On 8 December 2024, Gustavo Alexander Corredor Torres, alias "El Enano," the former leader of the AK-47 gang, was sentenced to 28 years in prison after admitting to organising the murder. Corredor Torres coordinated surveillance of Vásquez and arranged payments to those involved in the crime. Linda Yesbel Araque, alias "Yoqui," who allegedly drove the getaway motorbike, and another gang member, alias "Puré" or "El Cojo," identified as the gunman, were also prosecuted.

==Impact==
Vásquez’s murder highlighted the dangers faced by journalists in Colombia, particularly in Norte de Santander, a region where criminal organisations frequently target reporters.
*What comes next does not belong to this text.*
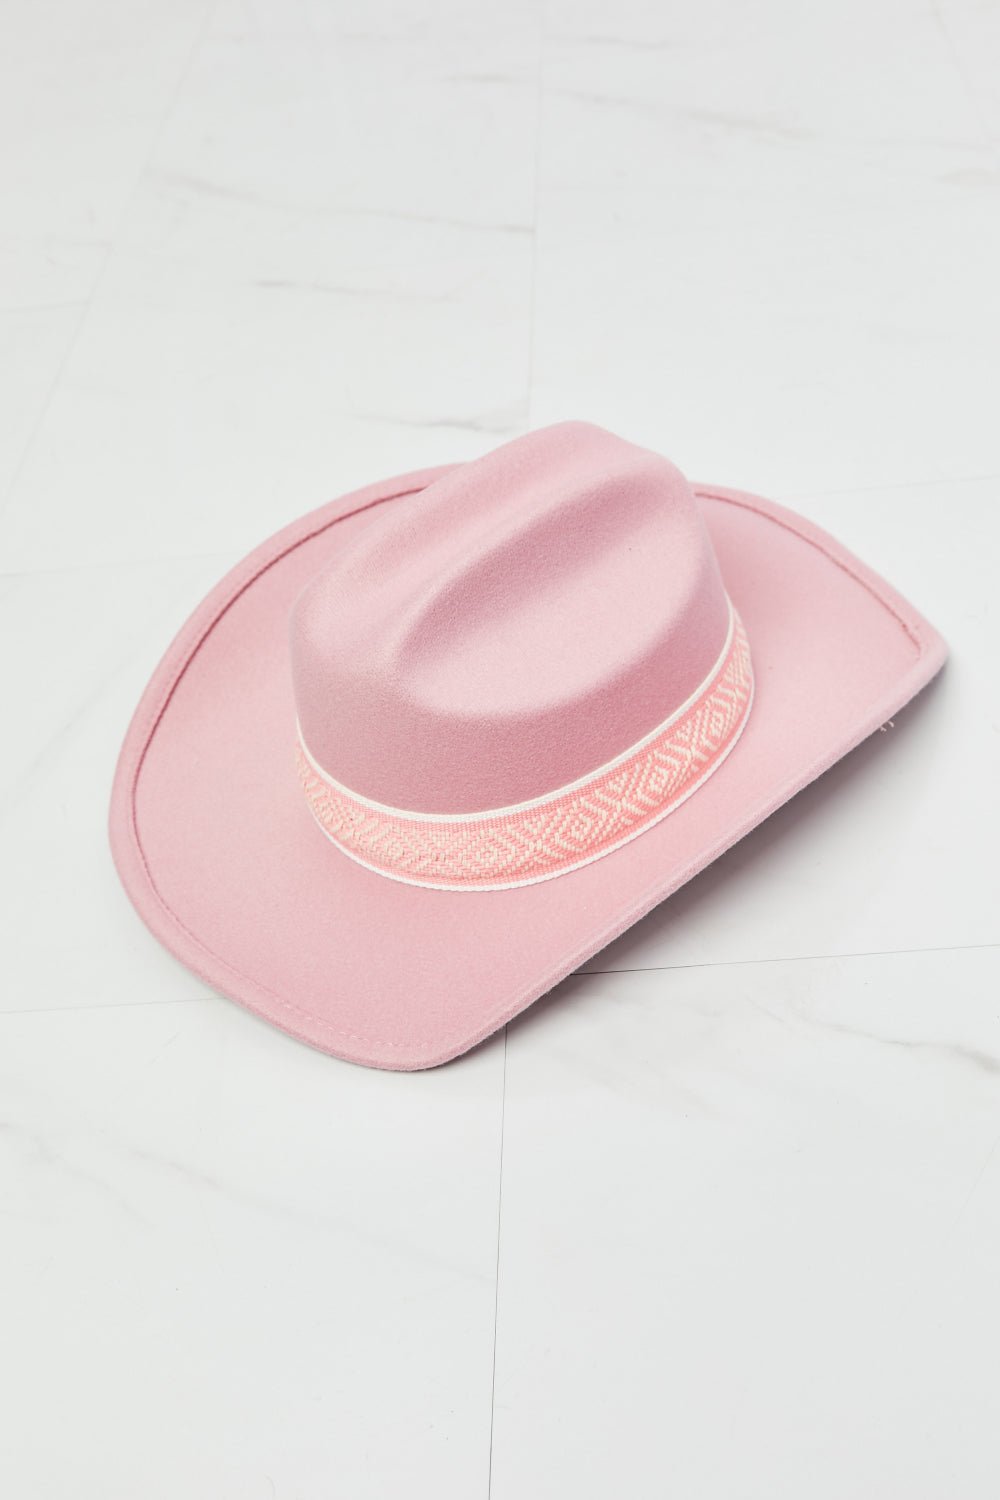 Cowgirl Hat in Blush PinkCowboy HatFame
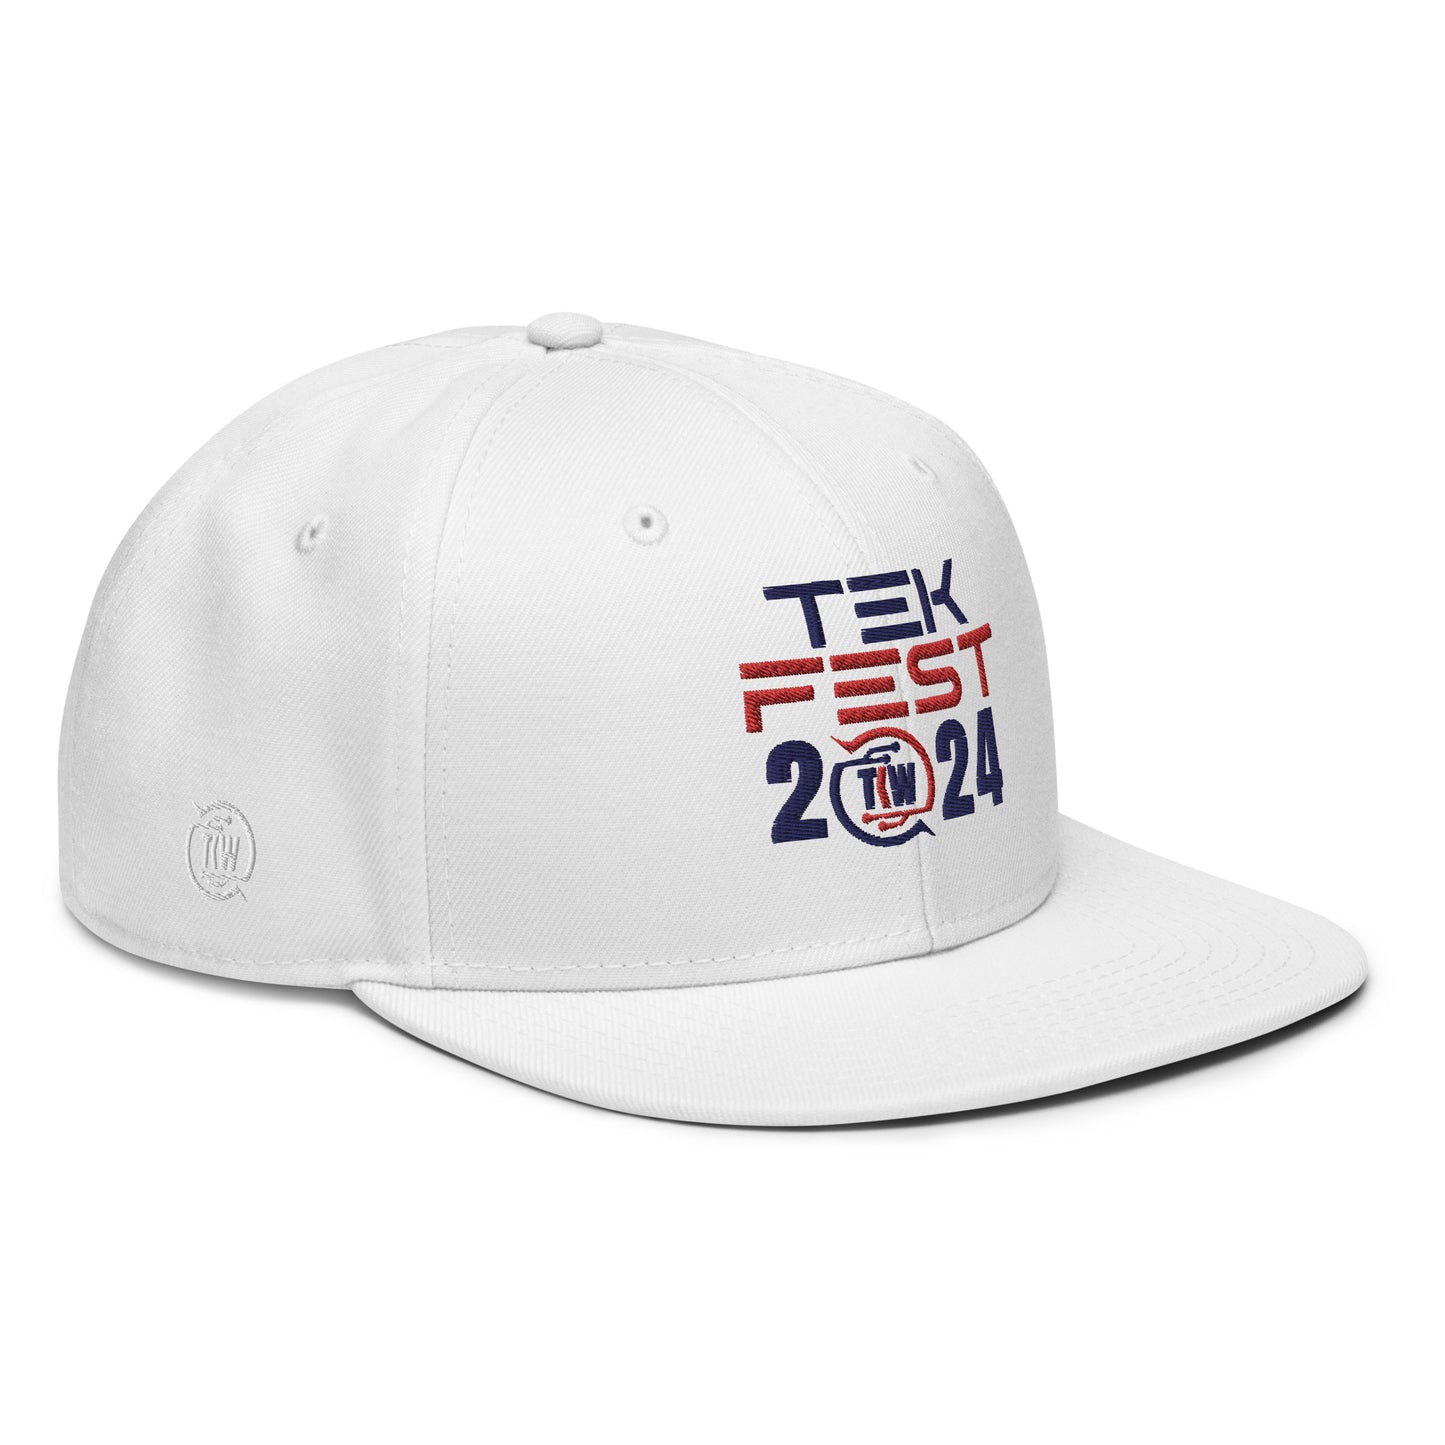 TEKFest24 SnapBack Color Hat

His death prompted widespread condemnation, including from UNESCO Director-General Audrey Azoulay, who called for accountability and condemned impunity for crimes against journalists.

The murder had a chilling effect on local journalism, with many reporters abandoning investigative work due to fear of violence and inadequate protection.

==Legacy==

Vásquez is remembered for his commitment to uncovering corruption and holding public officials accountable. His work has been cited as an example of courageous journalism in a challenging environment. The case also reignited discussions about the safety of journalists in Colombia, leading to renewed calls for stronger protections and accountability for crimes against members of the press.